» Supplied material:

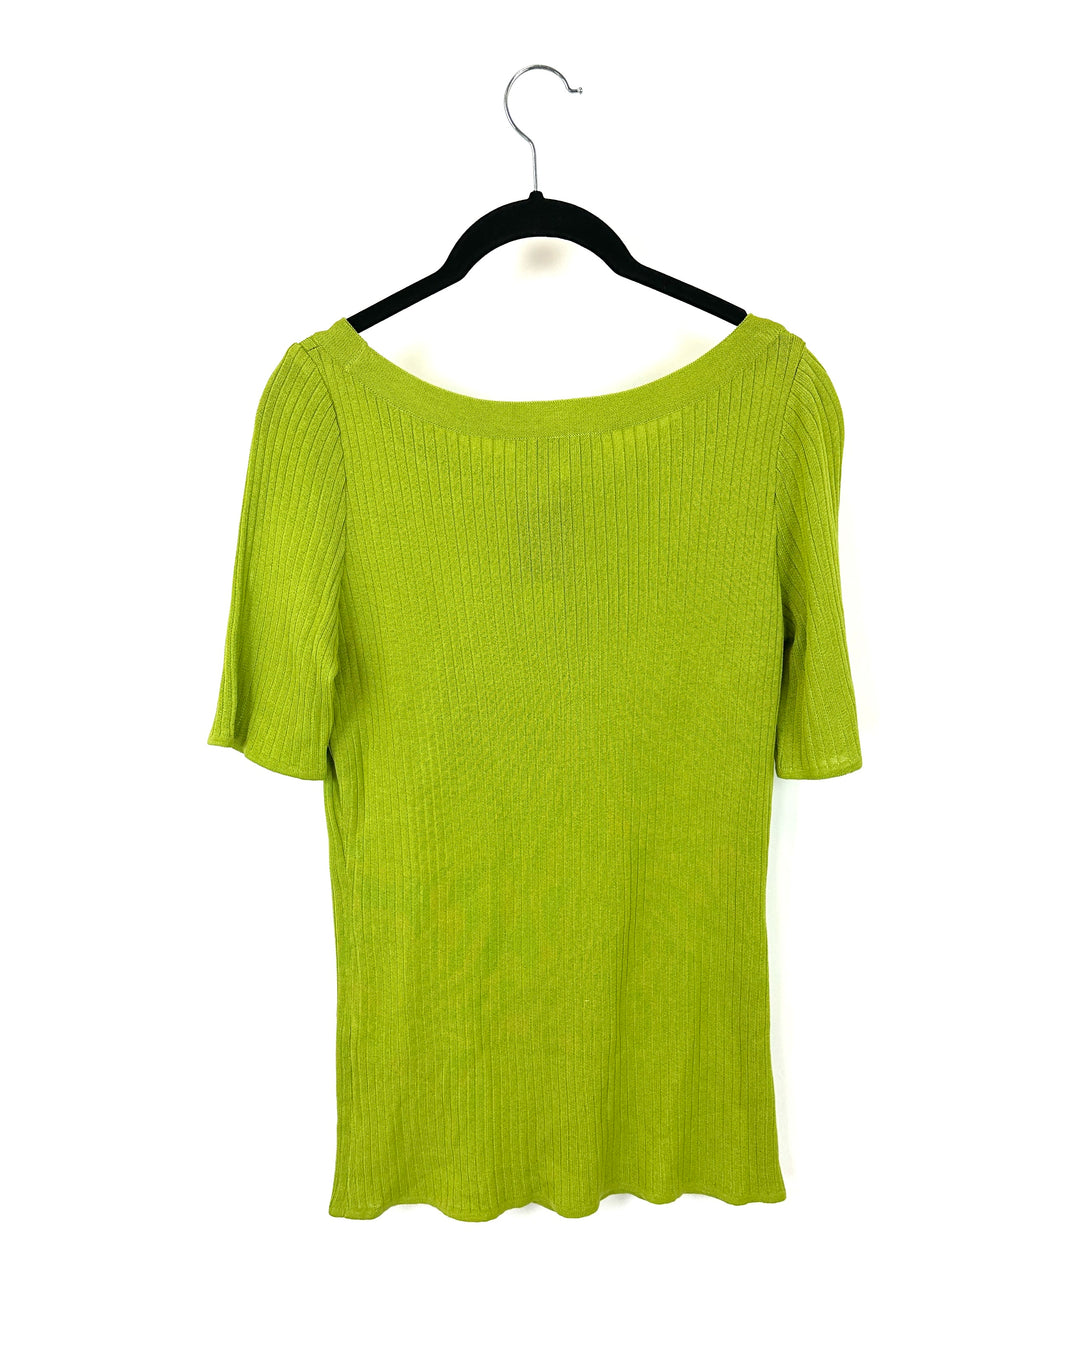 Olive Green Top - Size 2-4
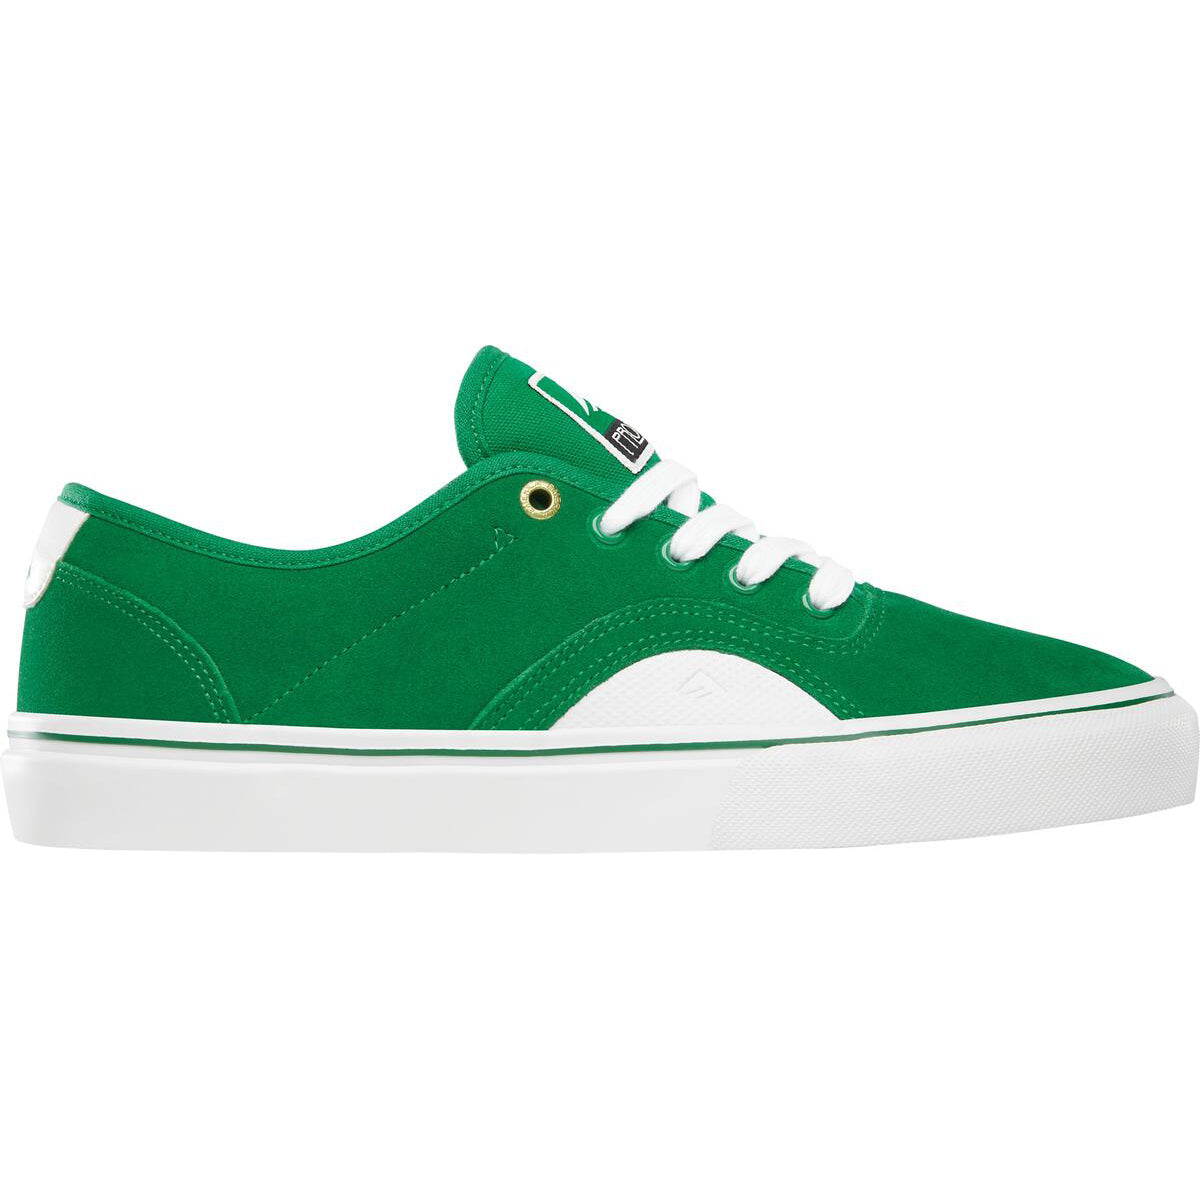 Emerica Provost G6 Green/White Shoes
--
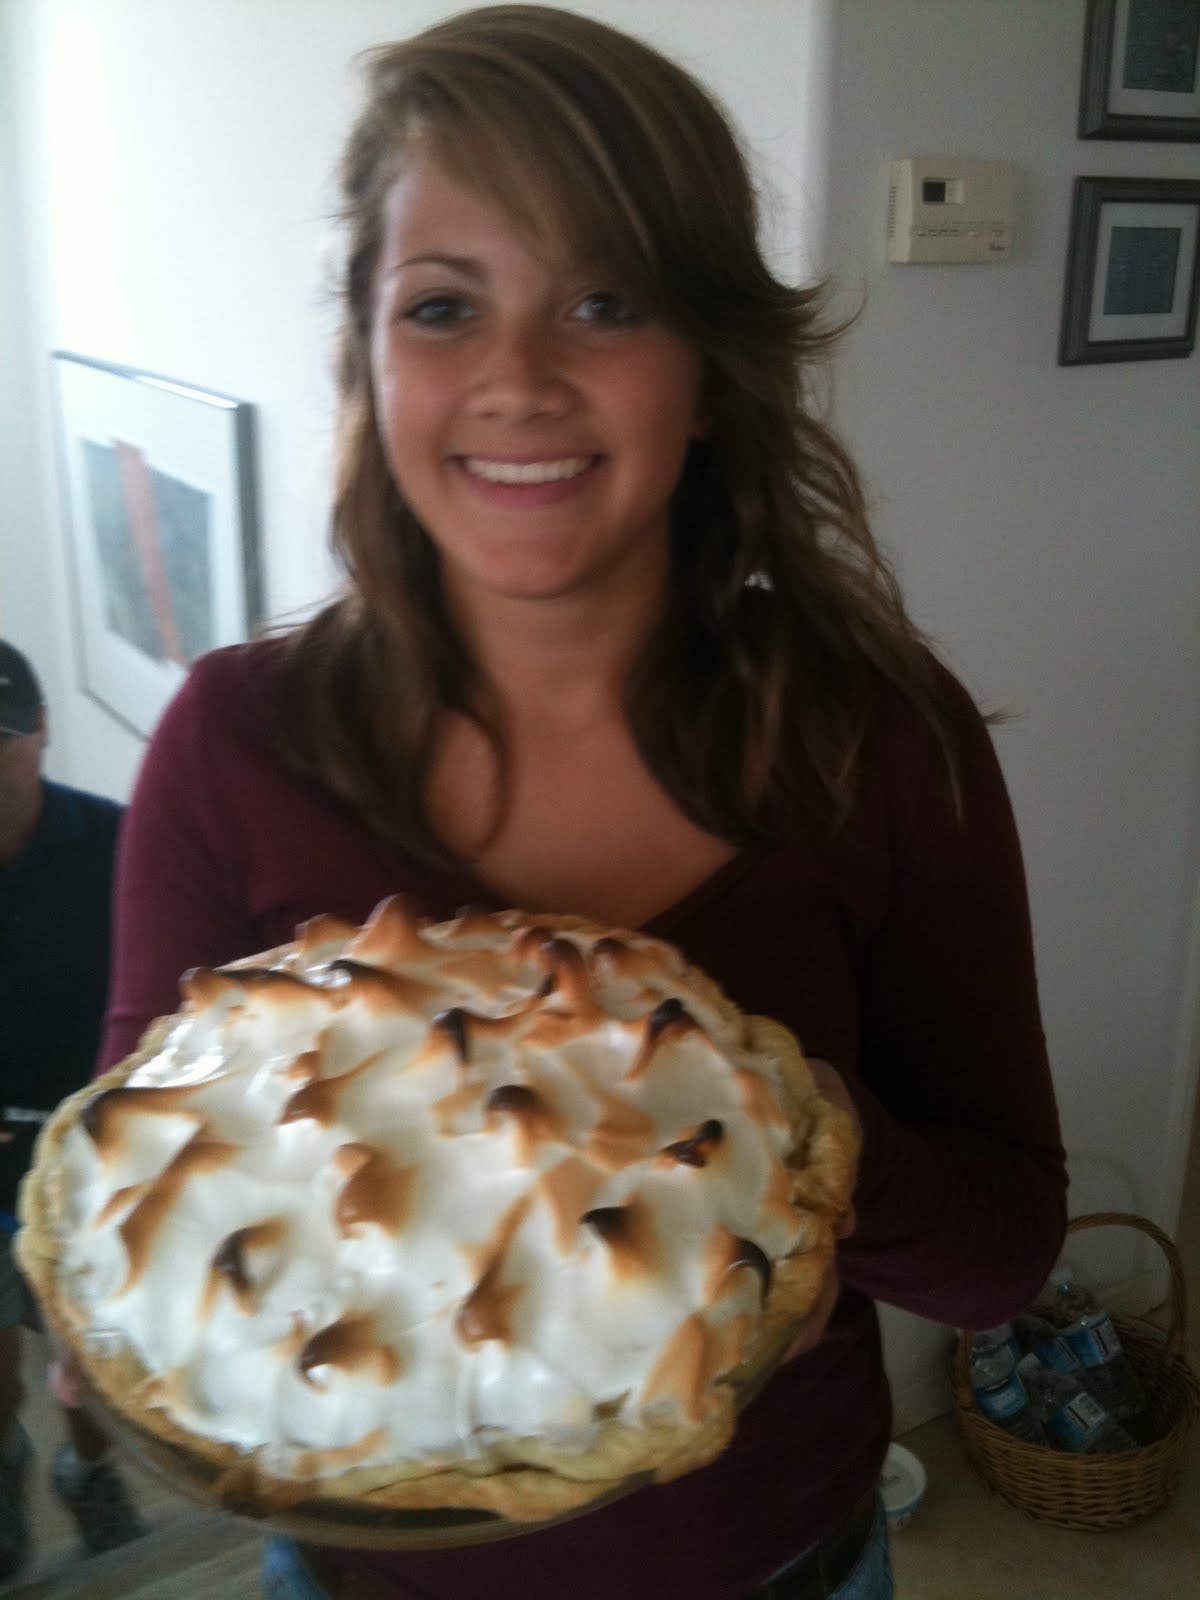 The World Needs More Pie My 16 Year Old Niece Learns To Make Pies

» What needs to be done: Reproduce the records above exactly, but only from the line with "Olive Green Top - Size 2-4" up to and including the line with "Emerica Provost G6 Green/White Shoes". Leave the pictures out.

» Response area:
 Olive Green Top - Size 2-4
 Emerica Provost G6 Green/White Shoes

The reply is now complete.